In the records below, find each line holding the word "Image" and copy it.

-- Data section follows --

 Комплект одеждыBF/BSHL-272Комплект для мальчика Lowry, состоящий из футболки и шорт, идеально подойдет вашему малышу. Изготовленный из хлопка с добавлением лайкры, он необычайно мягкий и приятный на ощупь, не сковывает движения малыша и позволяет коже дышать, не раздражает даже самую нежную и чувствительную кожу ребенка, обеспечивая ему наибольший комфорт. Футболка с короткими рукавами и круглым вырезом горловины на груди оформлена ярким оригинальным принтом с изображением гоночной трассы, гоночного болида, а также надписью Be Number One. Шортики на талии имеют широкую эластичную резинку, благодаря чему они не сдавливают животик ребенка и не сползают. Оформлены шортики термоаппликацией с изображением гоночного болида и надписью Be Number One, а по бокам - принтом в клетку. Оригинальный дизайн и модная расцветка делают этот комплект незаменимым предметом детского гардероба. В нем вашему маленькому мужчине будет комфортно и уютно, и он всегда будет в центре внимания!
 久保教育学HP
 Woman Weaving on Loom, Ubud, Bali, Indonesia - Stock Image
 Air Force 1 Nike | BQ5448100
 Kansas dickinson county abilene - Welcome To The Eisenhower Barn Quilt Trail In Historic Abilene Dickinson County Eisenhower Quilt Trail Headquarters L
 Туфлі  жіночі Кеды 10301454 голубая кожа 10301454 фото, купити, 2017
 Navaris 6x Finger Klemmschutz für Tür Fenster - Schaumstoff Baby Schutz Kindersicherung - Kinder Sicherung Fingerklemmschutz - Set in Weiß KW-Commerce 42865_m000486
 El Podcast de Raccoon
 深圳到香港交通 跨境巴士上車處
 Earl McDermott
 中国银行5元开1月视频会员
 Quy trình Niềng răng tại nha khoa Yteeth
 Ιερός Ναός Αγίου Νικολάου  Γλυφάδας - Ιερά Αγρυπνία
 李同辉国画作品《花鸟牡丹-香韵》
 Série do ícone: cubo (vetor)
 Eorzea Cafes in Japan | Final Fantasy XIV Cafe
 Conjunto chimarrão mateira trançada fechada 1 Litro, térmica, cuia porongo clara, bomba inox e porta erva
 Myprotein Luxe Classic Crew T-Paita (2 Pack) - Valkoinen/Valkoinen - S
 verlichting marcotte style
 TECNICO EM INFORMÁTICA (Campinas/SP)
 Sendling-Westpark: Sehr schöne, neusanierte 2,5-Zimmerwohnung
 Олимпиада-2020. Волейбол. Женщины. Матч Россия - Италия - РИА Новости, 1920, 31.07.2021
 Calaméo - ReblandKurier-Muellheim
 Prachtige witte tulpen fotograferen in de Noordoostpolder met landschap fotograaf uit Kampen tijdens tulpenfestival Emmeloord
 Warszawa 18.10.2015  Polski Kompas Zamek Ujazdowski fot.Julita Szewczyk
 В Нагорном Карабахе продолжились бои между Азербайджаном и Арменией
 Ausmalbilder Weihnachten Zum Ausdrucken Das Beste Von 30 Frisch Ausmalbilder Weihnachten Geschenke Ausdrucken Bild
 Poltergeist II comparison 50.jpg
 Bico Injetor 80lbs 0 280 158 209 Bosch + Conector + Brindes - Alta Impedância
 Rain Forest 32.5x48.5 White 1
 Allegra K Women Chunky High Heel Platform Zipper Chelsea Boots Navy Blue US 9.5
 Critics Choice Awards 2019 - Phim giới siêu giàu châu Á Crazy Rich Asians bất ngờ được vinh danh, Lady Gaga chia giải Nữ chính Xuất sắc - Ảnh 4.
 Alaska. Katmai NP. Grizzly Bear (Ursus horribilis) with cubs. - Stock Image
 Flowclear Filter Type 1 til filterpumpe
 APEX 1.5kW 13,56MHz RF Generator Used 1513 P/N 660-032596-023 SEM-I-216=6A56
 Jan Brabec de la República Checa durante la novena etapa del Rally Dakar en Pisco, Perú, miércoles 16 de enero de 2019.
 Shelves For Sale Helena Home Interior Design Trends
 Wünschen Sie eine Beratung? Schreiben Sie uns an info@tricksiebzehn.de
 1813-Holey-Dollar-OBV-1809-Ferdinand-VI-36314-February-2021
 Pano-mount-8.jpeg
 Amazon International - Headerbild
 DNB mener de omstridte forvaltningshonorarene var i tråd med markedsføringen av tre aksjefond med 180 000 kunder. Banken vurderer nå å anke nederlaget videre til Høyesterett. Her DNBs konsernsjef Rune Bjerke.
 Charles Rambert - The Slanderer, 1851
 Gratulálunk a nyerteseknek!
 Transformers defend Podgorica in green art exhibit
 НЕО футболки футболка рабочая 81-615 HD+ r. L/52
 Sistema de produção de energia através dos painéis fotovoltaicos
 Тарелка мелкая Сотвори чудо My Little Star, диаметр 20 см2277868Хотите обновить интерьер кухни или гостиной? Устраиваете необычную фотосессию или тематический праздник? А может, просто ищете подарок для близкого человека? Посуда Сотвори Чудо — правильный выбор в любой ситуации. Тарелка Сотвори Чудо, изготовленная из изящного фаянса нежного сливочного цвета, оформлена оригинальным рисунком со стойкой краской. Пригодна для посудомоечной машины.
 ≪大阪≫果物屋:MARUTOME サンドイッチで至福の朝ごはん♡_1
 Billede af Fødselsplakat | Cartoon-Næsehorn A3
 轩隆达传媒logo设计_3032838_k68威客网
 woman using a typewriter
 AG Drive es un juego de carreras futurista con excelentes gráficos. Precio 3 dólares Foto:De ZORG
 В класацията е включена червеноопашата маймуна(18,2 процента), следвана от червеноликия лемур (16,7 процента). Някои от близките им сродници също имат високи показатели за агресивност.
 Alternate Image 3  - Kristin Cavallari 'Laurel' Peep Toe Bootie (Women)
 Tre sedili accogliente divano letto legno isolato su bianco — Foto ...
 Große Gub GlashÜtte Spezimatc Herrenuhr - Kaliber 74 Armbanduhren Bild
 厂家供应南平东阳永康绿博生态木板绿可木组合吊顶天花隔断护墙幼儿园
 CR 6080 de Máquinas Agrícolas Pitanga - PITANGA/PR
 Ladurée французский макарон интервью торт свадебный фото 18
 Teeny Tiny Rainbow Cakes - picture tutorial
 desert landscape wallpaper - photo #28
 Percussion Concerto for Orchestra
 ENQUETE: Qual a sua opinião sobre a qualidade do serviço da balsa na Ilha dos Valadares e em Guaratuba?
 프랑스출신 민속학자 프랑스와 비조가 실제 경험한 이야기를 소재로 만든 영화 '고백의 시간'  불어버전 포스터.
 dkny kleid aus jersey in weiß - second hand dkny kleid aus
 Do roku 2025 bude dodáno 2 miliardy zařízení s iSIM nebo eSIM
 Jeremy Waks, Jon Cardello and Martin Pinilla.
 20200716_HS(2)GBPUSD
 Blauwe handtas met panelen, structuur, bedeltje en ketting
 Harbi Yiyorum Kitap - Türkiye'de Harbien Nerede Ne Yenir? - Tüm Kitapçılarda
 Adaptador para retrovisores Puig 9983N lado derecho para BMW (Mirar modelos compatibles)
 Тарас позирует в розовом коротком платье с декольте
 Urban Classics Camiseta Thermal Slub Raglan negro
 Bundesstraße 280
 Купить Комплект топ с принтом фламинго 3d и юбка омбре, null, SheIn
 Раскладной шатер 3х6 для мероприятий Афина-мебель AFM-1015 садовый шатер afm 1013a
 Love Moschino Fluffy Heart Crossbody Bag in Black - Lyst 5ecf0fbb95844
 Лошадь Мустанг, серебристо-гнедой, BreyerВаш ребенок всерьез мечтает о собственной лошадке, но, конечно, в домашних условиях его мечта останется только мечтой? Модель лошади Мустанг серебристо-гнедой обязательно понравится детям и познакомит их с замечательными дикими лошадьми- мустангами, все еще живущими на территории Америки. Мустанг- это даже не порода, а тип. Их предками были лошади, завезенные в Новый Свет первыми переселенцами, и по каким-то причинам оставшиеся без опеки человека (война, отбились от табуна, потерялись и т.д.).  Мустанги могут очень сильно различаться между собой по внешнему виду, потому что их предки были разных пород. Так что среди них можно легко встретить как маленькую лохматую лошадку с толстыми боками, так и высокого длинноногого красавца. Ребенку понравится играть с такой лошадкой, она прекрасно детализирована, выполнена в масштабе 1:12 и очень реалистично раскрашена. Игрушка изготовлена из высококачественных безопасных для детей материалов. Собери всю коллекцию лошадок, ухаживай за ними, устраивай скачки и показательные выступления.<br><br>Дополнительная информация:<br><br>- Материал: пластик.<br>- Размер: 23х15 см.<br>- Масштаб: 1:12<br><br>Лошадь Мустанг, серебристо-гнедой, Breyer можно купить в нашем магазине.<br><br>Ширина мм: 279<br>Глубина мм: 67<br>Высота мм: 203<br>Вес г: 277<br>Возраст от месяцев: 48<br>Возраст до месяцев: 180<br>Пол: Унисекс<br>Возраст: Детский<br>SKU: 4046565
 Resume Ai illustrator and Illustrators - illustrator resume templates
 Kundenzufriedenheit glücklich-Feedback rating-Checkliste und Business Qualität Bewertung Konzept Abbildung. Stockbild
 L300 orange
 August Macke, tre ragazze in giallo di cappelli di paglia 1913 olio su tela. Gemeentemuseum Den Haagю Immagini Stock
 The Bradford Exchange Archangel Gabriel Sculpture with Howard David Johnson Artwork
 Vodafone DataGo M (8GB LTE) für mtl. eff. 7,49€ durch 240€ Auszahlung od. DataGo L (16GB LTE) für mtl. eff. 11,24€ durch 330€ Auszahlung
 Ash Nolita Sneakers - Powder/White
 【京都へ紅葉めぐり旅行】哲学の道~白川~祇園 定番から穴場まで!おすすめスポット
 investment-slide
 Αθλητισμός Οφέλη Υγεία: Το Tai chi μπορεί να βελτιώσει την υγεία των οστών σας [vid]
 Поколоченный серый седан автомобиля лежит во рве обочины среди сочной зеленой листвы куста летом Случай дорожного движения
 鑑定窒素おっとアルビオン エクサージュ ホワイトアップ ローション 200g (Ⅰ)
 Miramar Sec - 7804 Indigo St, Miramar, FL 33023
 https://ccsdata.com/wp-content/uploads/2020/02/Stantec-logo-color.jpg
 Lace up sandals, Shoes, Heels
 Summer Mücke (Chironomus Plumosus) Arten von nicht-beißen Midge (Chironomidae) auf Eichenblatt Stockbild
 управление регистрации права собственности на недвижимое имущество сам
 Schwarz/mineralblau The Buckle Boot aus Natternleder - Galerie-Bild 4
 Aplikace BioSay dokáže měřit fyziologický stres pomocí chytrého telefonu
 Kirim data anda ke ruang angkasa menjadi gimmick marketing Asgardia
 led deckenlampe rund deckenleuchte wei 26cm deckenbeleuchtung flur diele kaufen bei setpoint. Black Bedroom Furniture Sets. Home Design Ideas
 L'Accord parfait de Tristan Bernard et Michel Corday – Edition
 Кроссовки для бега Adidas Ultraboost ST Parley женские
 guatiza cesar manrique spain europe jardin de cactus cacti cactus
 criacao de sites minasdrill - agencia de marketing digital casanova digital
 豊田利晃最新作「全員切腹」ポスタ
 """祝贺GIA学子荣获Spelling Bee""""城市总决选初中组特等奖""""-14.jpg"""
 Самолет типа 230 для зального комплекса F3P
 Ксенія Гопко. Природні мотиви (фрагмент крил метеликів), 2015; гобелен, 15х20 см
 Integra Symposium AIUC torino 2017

-- Data section concluded --

» Task result:
 Woman Weaving on Loom, Ubud, Bali, Indonesia - Stock Image
 Alaska. Katmai NP. Grizzly Bear (Ursus horribilis) with cubs. - Stock Image
 Alternate Image 3  - Kristin Cavallari 'Laurel' Peep Toe Bootie (Women)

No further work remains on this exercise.